So, I am assuming that all the sub-directories that you want to group are at exactly one depth level under your parent directory. We'll let zip
recurse into the sub-sub-directories.
EDIT: Thanks to people's suggestions, this new version now works with all kinds of file names, including names containing spaces, new lines, and special chars. An excellent writeup on the matter can be found here:
https://unix.stackexchange.com/a/321757/439686
#!/bin/bash
export rootdir=${1:-/your/parent/directory}
export N=10 # group size
export stamp=$(date +%s)
find "$rootdir" -type d -mindepth 1 -maxdepth 1 -exec bash -c '
count=0 # group number
while [ $# -gt 0 ] ;do
((count++))
zip -r "$rootdir/group.${stamp}.${count}.zip" "${@:1:N}"
shift $N || set --
done
' "" {} +
Result:
group.1615512971.1.zip
group.1615512971.2.zip
group.1615512971.3.zip
group.1615512971.4.zip
...
And here is a slightly different version, which also loops through the positional parameters, but without spawning a subshell. (This one performs faster than the previous version)
#!/bin/bash
rootdir=/your/parent/directory
N=10 # group size
stamp=$(date +%s)
readarray -td '' ARRAY < <(find "$rootdir" -type d -mindepth 1 -maxdepth 1 -print0)
set -- "${ARRAY[@]}"
count=0
while [ $# -gt 0 ] ;do
((count++))
zip -r "$rootdir/group.${stamp}.${count}.zip" "${@:1:N}"
shift $N || set --
done
EDIT #2: Parallelism and memory usage
After reading this post here: https://unix.stackexchange.com/a/321765/439686
it occured to me that my previous two versions can run into some serious troubles if we are dealing with a huge number of directories.
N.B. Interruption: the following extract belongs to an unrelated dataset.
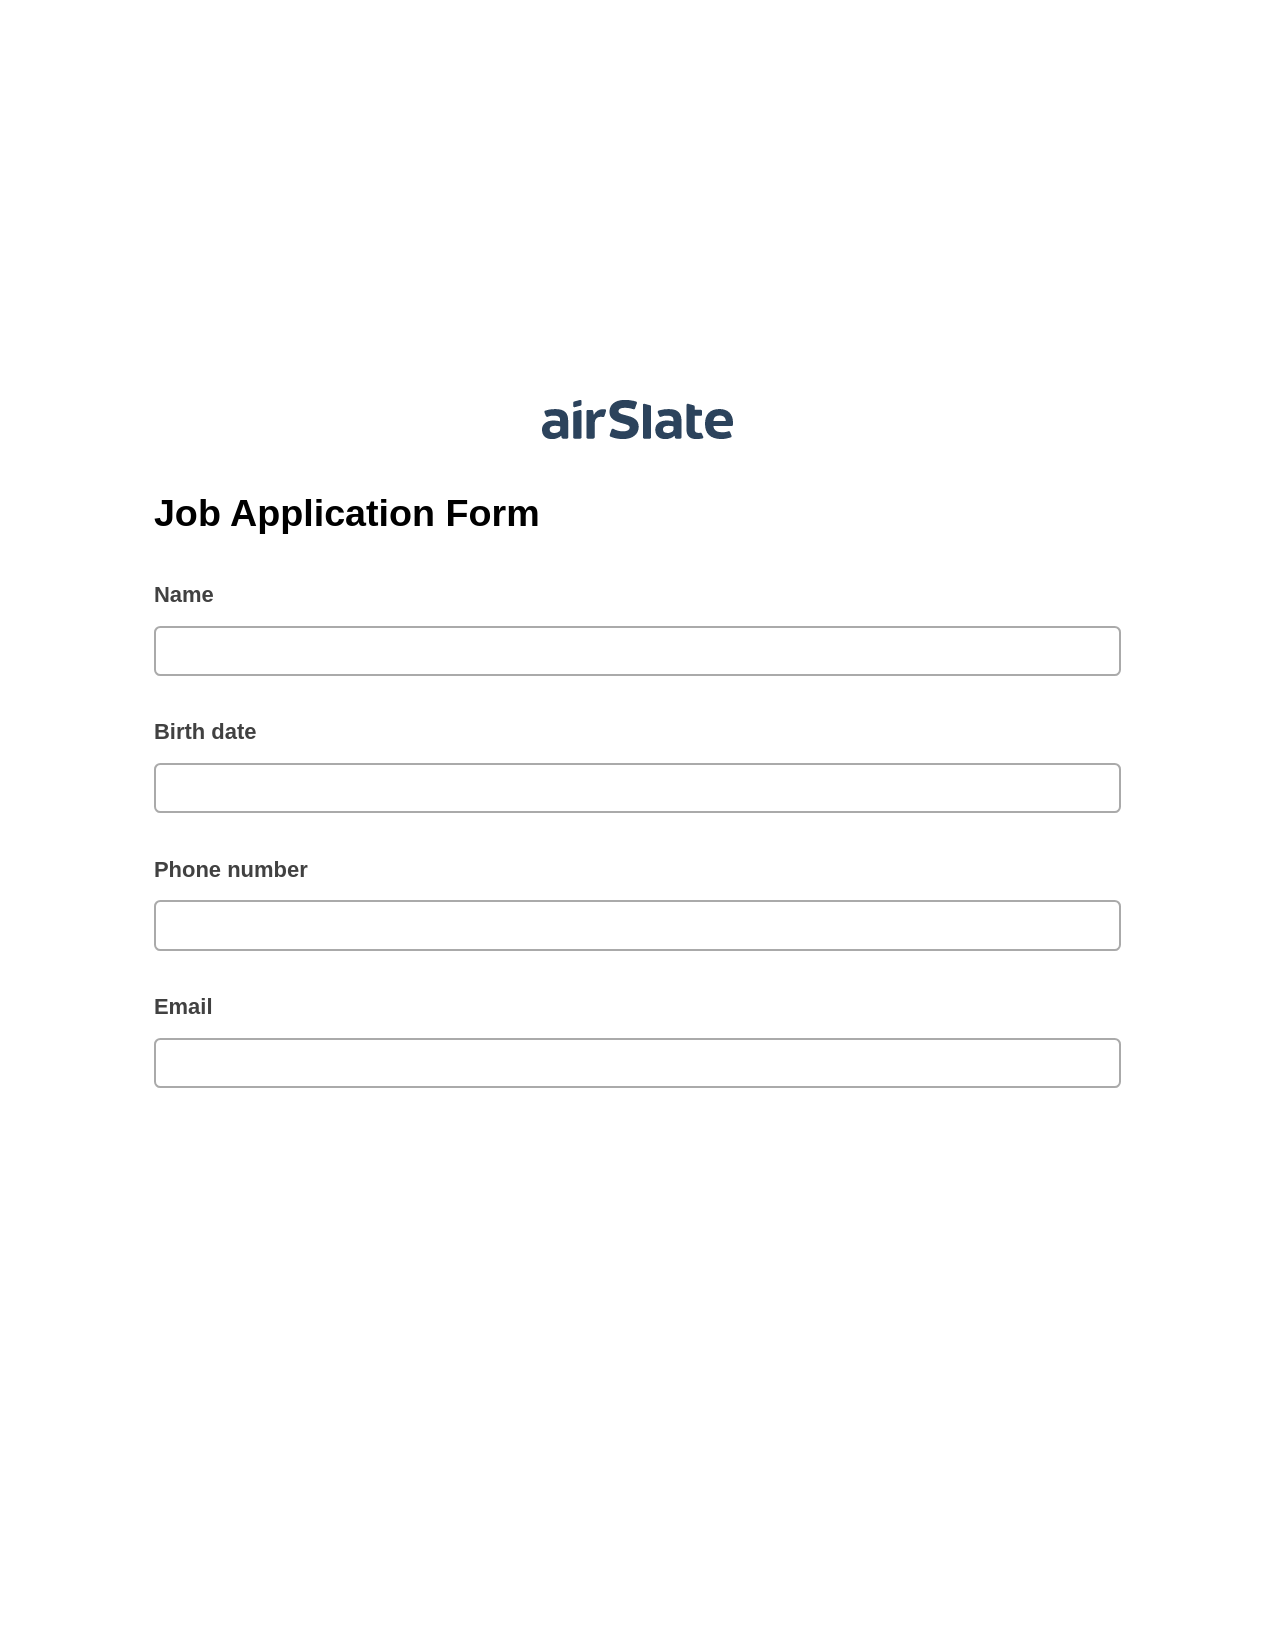 Job Application Form Pre-fill from CSV File Dropdown Options Bot, Update NetSuite Records Bot, Archive to SharePoint Folder Bot

Beside putting some serious strain on the memory, they also are inefficient, as they are waiting on find
to find the whole list of directories before we even start the first zip
command. It would be much nicer if we ran things in parralell -- through pipes -- and then it won't matter how many files there are. That leaves us with the only possible correct solution -- do it with find ... -print0 | xargs -0 command
. Why xargs
? Because it can start commands with N arguments at a time, instead of waiting for the whole list, and also because xargs
can deal with the zero-delimited strings that -print0
will be piping to it. And we absolutely must use zero as the delimiter, because filenames are allowed to have any other characters, including newlines. As an added bonus, with xargs
we can even start multiple processes at the same time, to better utilize a multicore system. So, here it is:
#!/bin/bash
rootdir=${1:-/your/parent/directory}
N=10 # group size
mktemp --version >/dev/null || exit 1
stamp=$(date +%Y%m%d%H%M)
cores=$(nproc) || cores=1
export rootdir N stamp cores
find "$rootdir" -type d -mindepth 1 -maxdepth 1 -print0
| xargs -r0 --max-args=$N --max-procs=$cores bash -c '
zip -r "$(mktemp -u -p "$rootdir" group.$stamp.XXXXXX.zip)" "$@" ' ""
Result:
group.202103140805.7H1Don.zip
group.202103140805.akqmgX.zip
group.202103140805.fzBsUZ.zip
group.202103140805.iTfmj8.zip
...